Metrics Instrumentation
Choosing the Right Metric Type
| Metric | Use When | Examples |
|---|---|---|
| Counter | Value only increases | Requests, errors, bytes sent |
| Gauge | Value goes up and down | Connections, queue size, temperature |
| Histogram | Measuring distributions | Latency, request size, response time |
Counter Patterns
Total Counts
%% Application startup
init_metrics() ->
instrument_metric:new_counter_vec(
http_requests_total,
"Total HTTP requests",
[method, path, status]
).
%% In request handler
handle_request(Method, Path, _Req) ->
try
Response = process_request(Method, Path),
Status = response_status(Response),
instrument_metric:inc_counter_vec(http_requests_total, [Method, Path, Status]),
Response
catch
_:_ ->
instrument_metric:inc_counter_vec(http_requests_total, [Method, Path, "500"]),
{error, internal_error}
end.Error Tracking
init_metrics() ->
instrument_metric:new_counter_vec(errors_total, "Total errors", [type, module]).
%% In error handler
log_error(Type, Module, _Reason) ->
instrument_metric:inc_counter_vec(errors_total, [atom_to_list(Type), atom_to_list(Module)]).Gauge Patterns
Resource Monitoring
init_metrics() ->
instrument_metric:new_gauge(memory_usage_bytes, "Current memory usage"),
instrument_metric:new_gauge(process_count, "Number of processes"),
instrument_metric:new_gauge_vec(pool_connections, "Pool connections", [pool, state]).

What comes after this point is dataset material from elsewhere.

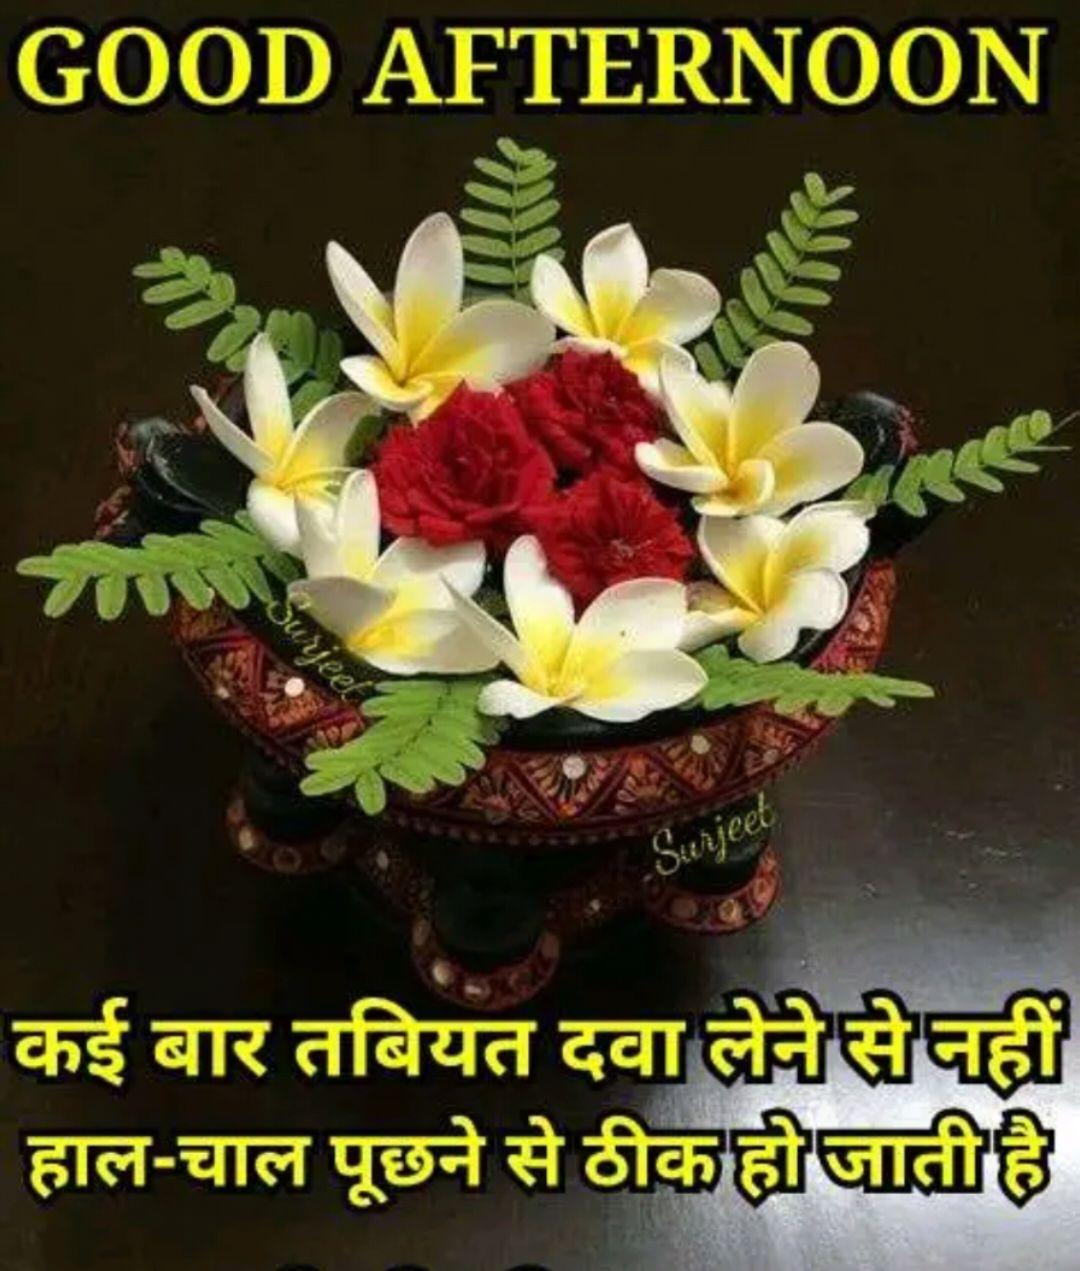 🤲 इबादत - GOOD AFTERNOON Surjeet Sanjeet कई बार तबियत दवा लेने से नहीं हाल - चाल पूछने से ठीक हो जाती है - ShareChat

%% Periodic update (e.g., in a gen_server)
update_system_metrics() ->
MemInfo = erlang:memory(),
instrument_metric:set_gauge(memory_usage_bytes, proplists:get_value(total, MemInfo)),
instrument_metric:set_gauge(process_count, erlang:system_info(process_count)).
update_pool_metrics(PoolName, Active, Idle) ->
instrument_metric:set_gauge_vec(pool_connections, [PoolName, "active"], Active),
instrument_metric:set_gauge_vec(pool_connections, [PoolName, "idle"], Idle).In-Flight Tracking
init_metrics() ->
instrument_metric:new_gauge(requests_in_flight, "Current in-flight requests").
handle_request(Req) ->
instrument_metric:inc_gauge(requests_in_flight),
try
process_request(Req)
after
instrument_metric:dec_gauge(requests_in_flight)
end.Histogram Patterns
Latency Measurement
init_metrics() ->
%% Use buckets appropriate for your SLOs
instrument_metric:new_histogram_vec(
http_request_duration_seconds,
"HTTP request duration",
[method, path],
[0.001, 0.005, 0.01, 0.025, 0.05, 0.1, 0.25, 0.5, 1.0, 2.5, 5.0, 10.0]
).
handle_request(Method, Path, Req) ->
Start = erlang:monotonic_time(),
try
process_request(Req)
after
Duration = erlang:convert_time_unit(
erlang:monotonic_time() - Start,
native,
microsecond
) / 1_000_000, %% Convert to seconds
instrument_metric:observe_histogram_vec(
http_request_duration_seconds,
[Method, Path],
Duration
)
end.Size Distribution
init_metrics() ->
instrument_metric:new_histogram_vec(
http_response_size_bytes,
"HTTP response size",
[method, path],
[100, 1000, 10000, 100000, 1000000]
).
send_response(Method, Path, Body) ->
Size = byte_size(Body),
instrument_metric:observe_histogram_vec(http_response_size_bytes, [Method, Path], Size),
Body.Tracing Instrumentation
Span Naming Conventions
Use descriptive, low-cardinality names:
%% Good: Operation-focused names
instrument_tracer:with_span(<<"HTTP GET /api/users">>, fun() -> ... end).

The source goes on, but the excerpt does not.